Your weekly slice of Poetry

The weather has been getting warmer these couple weeks, and one of the wonderful side effects of this is that the birds come back to us. There's nothing quite like hearing birds sing as you go outside. You immediately remember that such sounds exist, realizing what the winter had been lacking and enjoying them as hints of Spring. This edition of Poetry Pie features poems where birds are a central image. Enjoy!


Ode to a Nightingale

John Keats (1795—1821)

Keats has a fair number of Odes that he is famous for: the "Ode to a Grecian Urn," the "Ode to Psyche," and this one that I've selected. An ode is a work that addresses some singular subject, speaking to them and about them. In this poem, Keats addresses the nightingale, whose beautiful song grabs his attention and fills him with wonder and longing for a better world. There are themes of the joys and beauty found in nature, sorrow at the death and fallenness of our world, and a desire to escape to the world of the Ideal that this bird inhabits. Keats, who himself died quite young, has a number of poems lamenting the sad reality of youthfulness being spoiled by death. You can hear this sadness in the third stanza.

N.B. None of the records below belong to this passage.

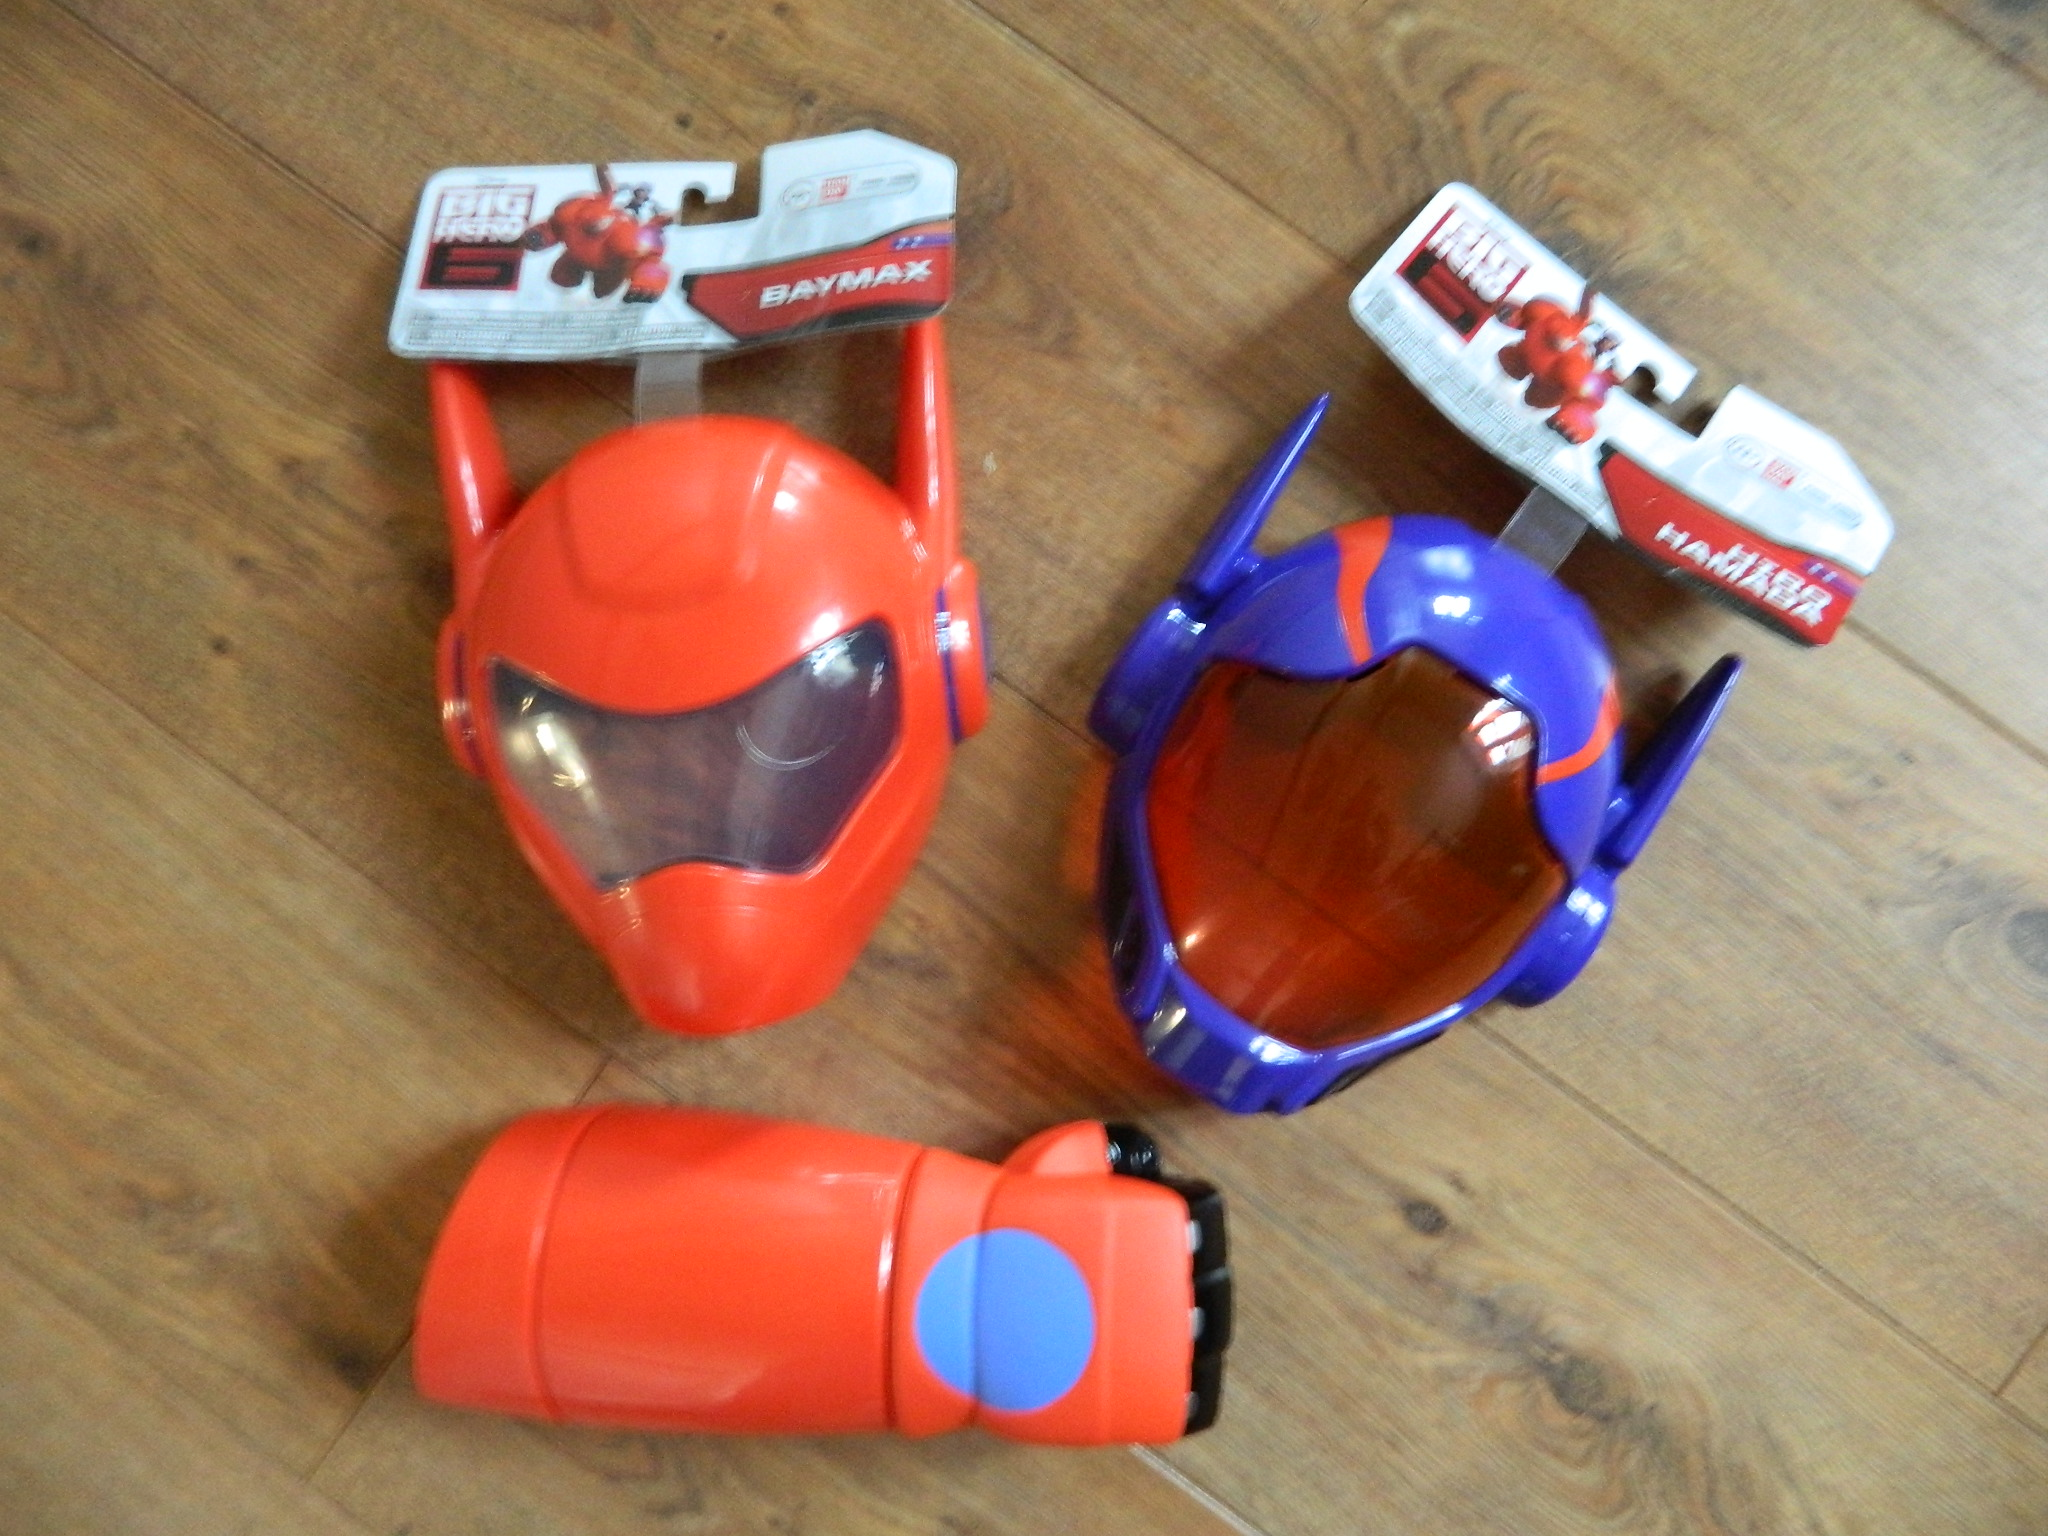 bandai  big hero 6 toy range
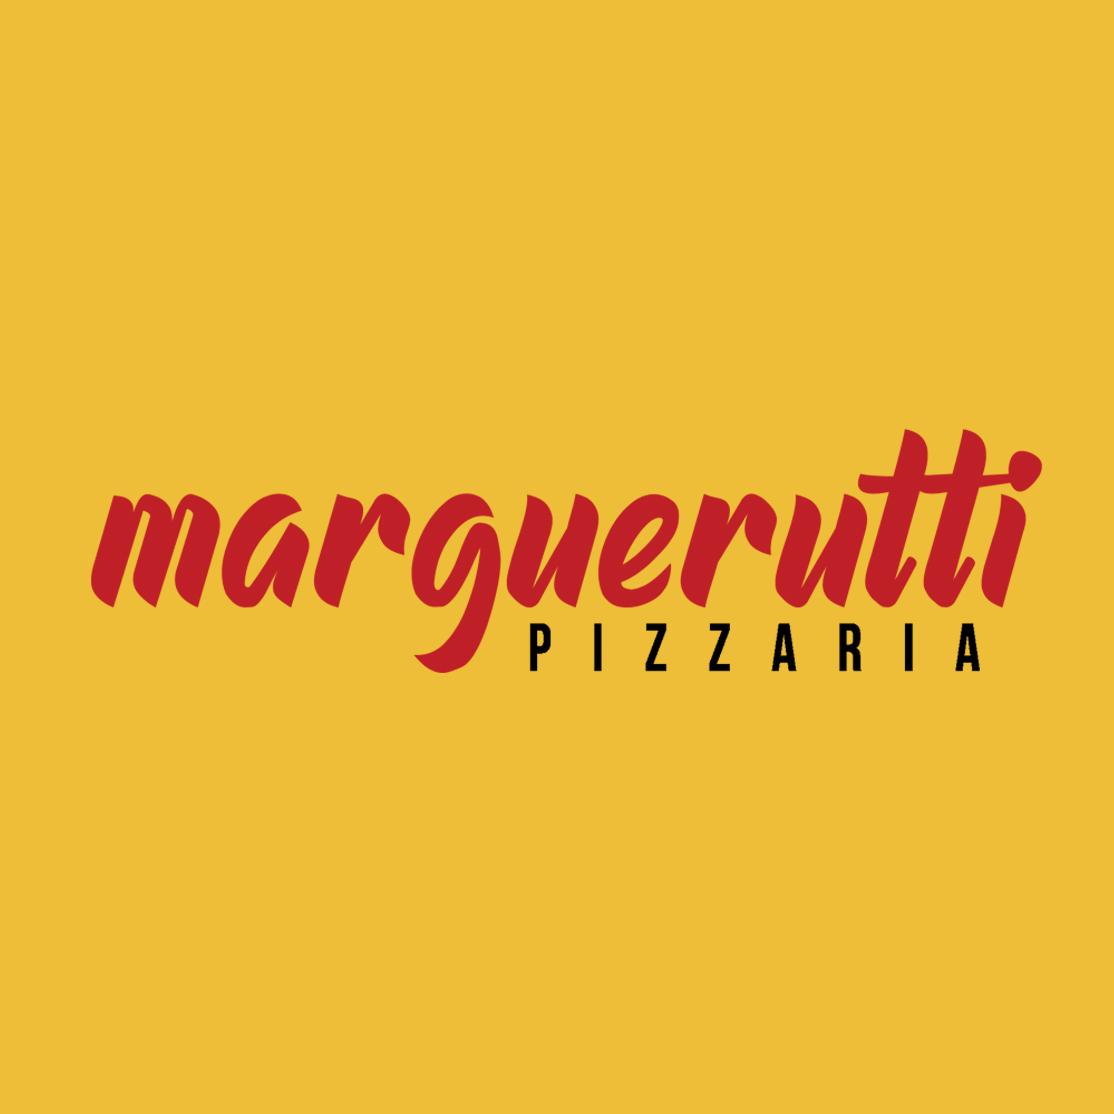 Logomarg1
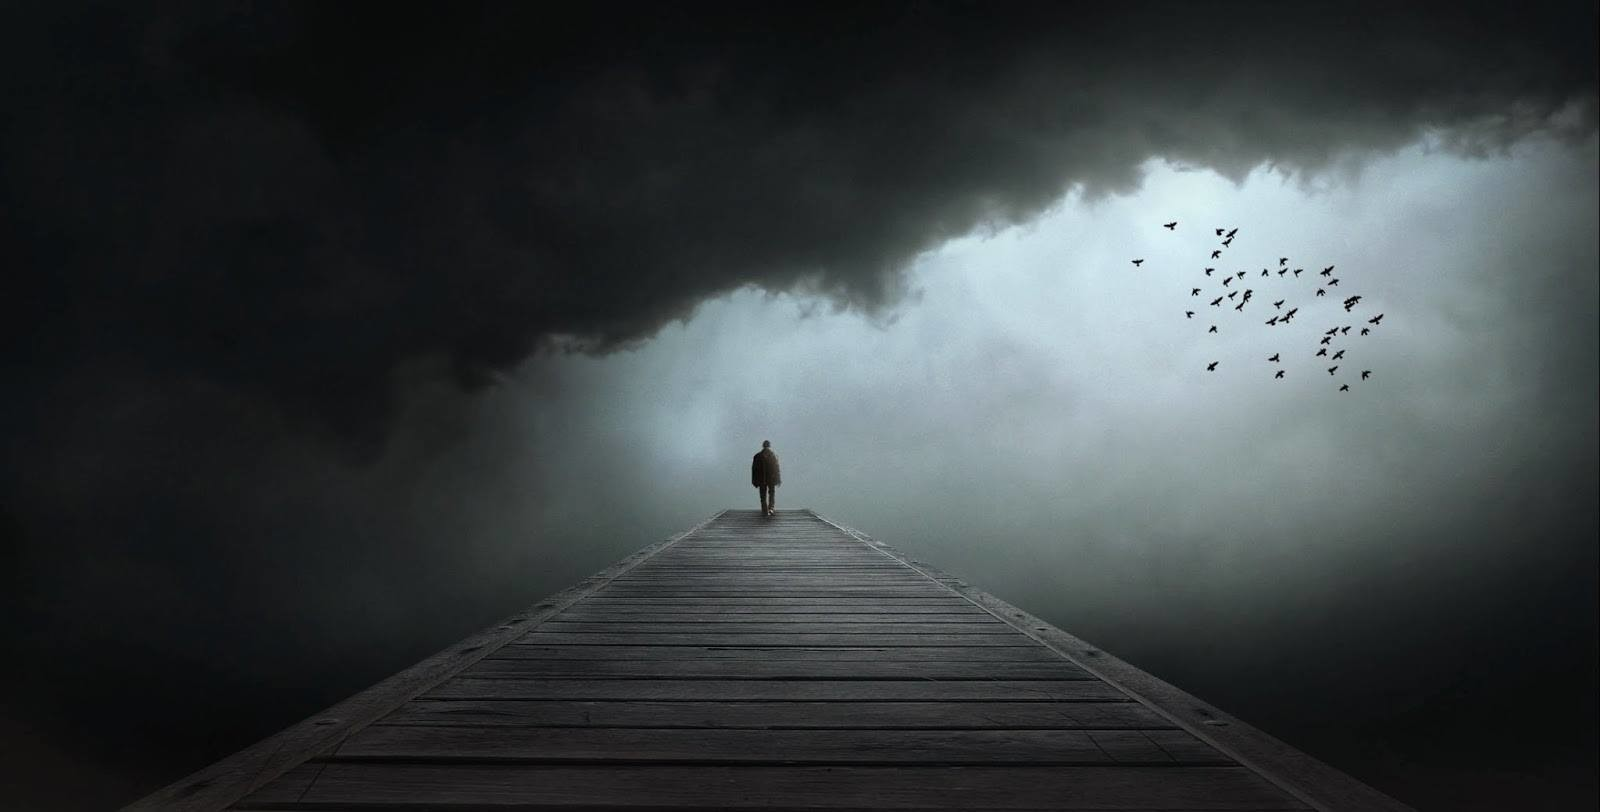 başkalarının istekleri doğrultusunda yaşamak sadece size değil çevrenizdekilere de zarar verir.
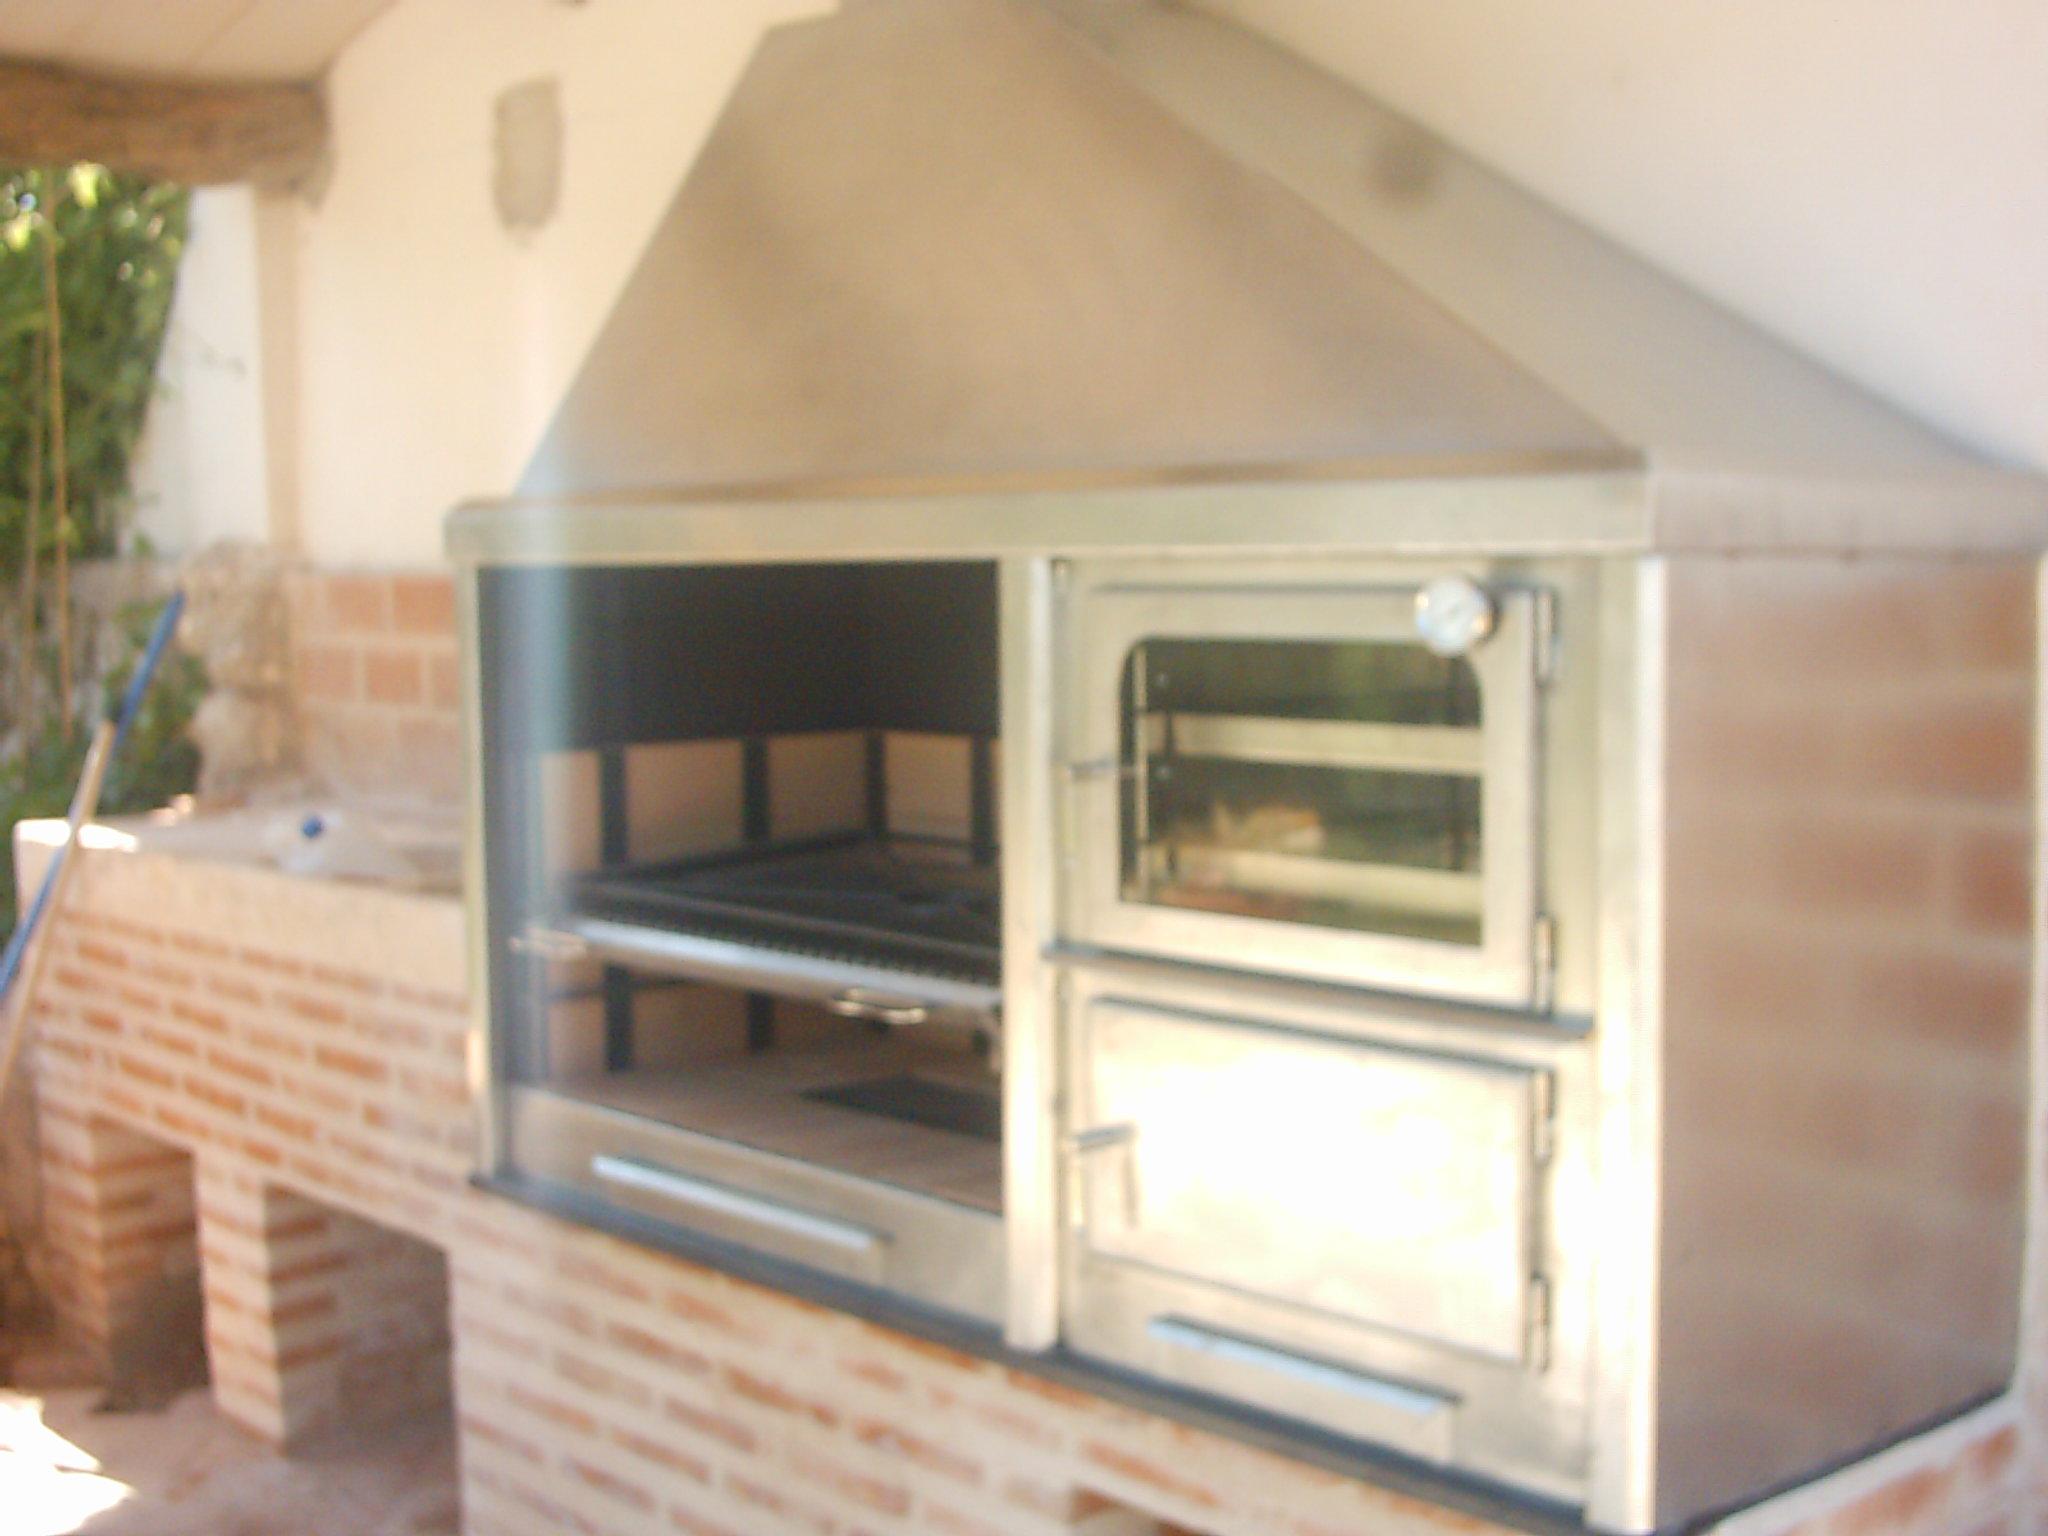 Barbacoas y hornos ecospain mediterranea ingenieria del confort - Horno de lena y barbacoa ...

Where youth grows pale, and spectre-thin, and dies;

The poem is written in a very beautiful and colorful style. This is an example of imagery done very well; he paints the scene such that you feel you are directly there. You can see what he sees and hear what he hears. It is rhymed with an ABABCDECDE pattern. It is written in iambic pentameter, with exception to the third to last line of each stanza, which he shortens to trimeter.


The Windhover

Gerard Manley Hopkins (1844—1889)

To Christ our Lord

This is the inscription that precedes this bewildering poem. It is safe to say there is nothing quite like reading a poem by Hopkins. His style is unlike anything that you'll find in other poets. It is very full. It seems as if there are more words in his poems than there are in other poems of similar length. They are almost "Impressionistic," where you may not fully understand what was said, but you are still left with tangible impression of what was being described. The Poetry Foundation offers very helpful notes on the vocabulary in this poem, as there are many words that are quite unused by us today.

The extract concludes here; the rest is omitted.